Presentation Design

Building a Visual Identity

Presentations where the visual language was created from scratch to match the speaker, the topic, or the organisation

This presentation was created for the owner of a beauty salon chain giving a lecture on how to transform a people-dependent business into a scalable system without compromising quality.

Since the company didn’t have an established brand identity or presentation guidelines, I developed a visual style inspired by the interiors of the salons. The color palette, typography, and graphic elements were designed to reflect the atmosphere of the physical spaces while creating a clear and professional presentation for a business audience.

The presentation focused on business systems, processes, and scaling, so the visual language needed to communicate structure and consistency while maintaining the brand’s welcoming and elegant character.

Designing Within Constraints

Presentations designed within strict branding guidelines while solving complex communication challenges

This presentation was created for a game development expert speaking about the technical challenges behind the development of a video game.

The project required balancing several goals. The presentation needed to communicate complex technical concepts using code snippets, diagrams, and system architecture, while also showcasing the visual quality of the game through screenshots and gameplay graphics. At the same time, the entire presentation had to comply with the conference’s branding guidelines, including its color palette, background, footer, and template requirements.

Unlike many presentation projects where visual identity can be developed freely, this project was defined by strict constraints. The challenge was not to create a new visual language, but to make highly technical content clear and engaging while working entirely within an existing conference template.

The result balances three different layers of information: technical explanations for a professional audience, visual storytelling through the game’s artwork, and consistent compliance with the event’s branding requirements.

One Template,
Different Stories

Adapting a single presentation system
to support different topics, speakers, and communication goals

These presentations were created for Paper Kartuli, a media that regularly hosts public lectures and educational events in a dark bar venue using a projector. Through multiple events, we found that a dark background with high-contrast typography provided the best readability in this environment. Based on this experience, I developed presentation design guidelines for the organization, including recommendations on slide layouts, typography, and color usage.

The green accent color used throughout the slides is part of Paper Kartuli’s visual identity.

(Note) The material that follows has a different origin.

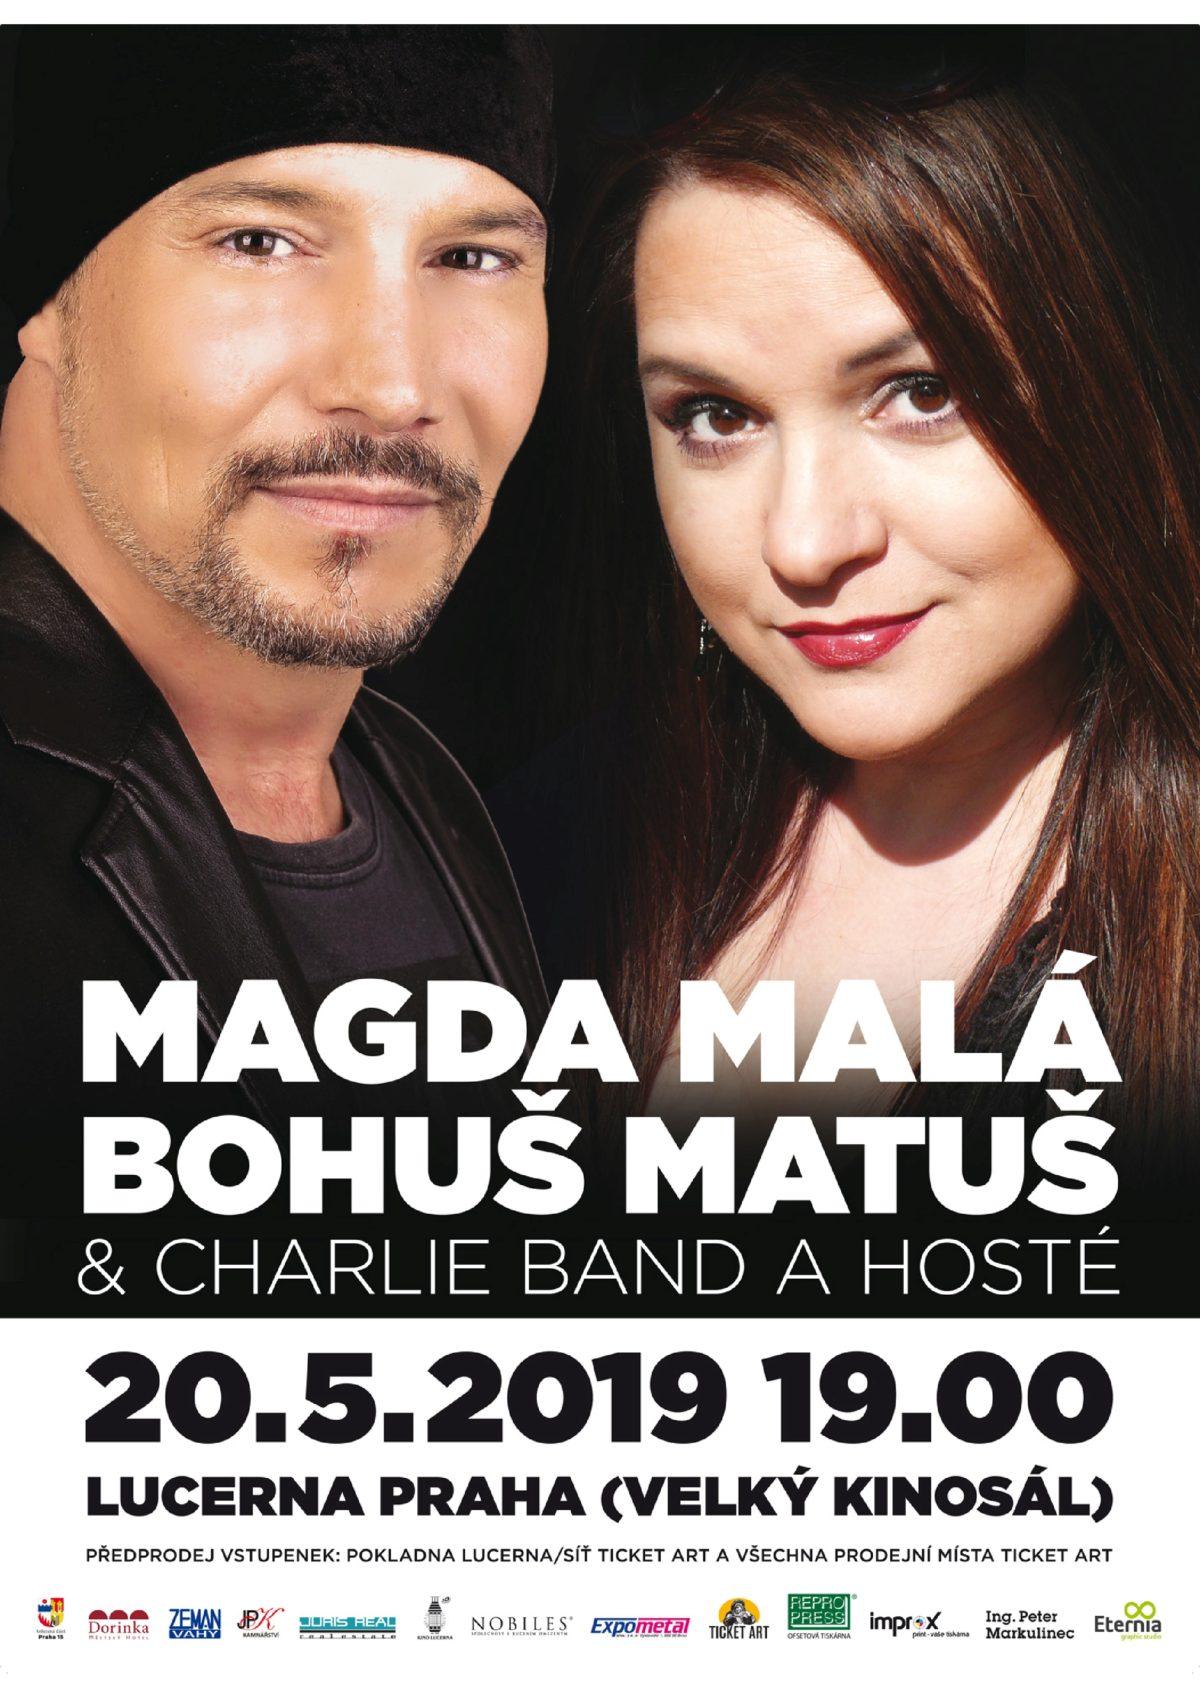 Jedinečný koncert v Lucerně: Magda Malá a Bohuš Matuš

Lycian Way Hiking Guides Presentation 

This presentation was created for two hiking guides presenting their author-designed route along a section of the Lycian Way at a public event in Tbilisi, Georgia.

One of the key requirements was to keep a relatively large amount of text on the slides. The speakers wanted the presentation to remain useful both during the talk and afterwards, when it would be shared with the audience as a reference.

While I usually recommend reducing on-screen text, in this case the priority was supporting the speakers’ preferred presentation style. To make the content easier to follow, I structured the information into clear visual blocks and used progressive animations so that each point appeared only when it became relevant.

Presentation for a Lecture on Ilia Zdanevich and
the Tbilisi Avant-Garde

This presentation was created for a public lecture about Ilia Zdanevich (Iliazd) and the Tbilisi avant-garde. Unlike a chronological lecture, this talk moved freely between different episodes of the artist’s life, ideas, and cultural context. To support this non-linear narrative, I replaced the traditional slide navigation with a mosaic-like visual system. 

Different sections of the mosaic became active throughout the presentation, helping the audience understand which part of the story they were exploring while preserving the lecture’s associative structure.

The presentation was created for Paper Kartuli and builds upon the visual system developed for the lecture series. While keeping the brand’s color palette and high-contrast design principles, I deliberately broke the underlying grid and introduced a more playful, experimental composition inspired by the aesthetics of the avant-garde.

Rather than imposing a rigid structure, the design embraces visual rhythm, asymmetry, and movement, allowing the presentation itself to reflect the artistic language of its subject while still providing subtle orientation for the audience.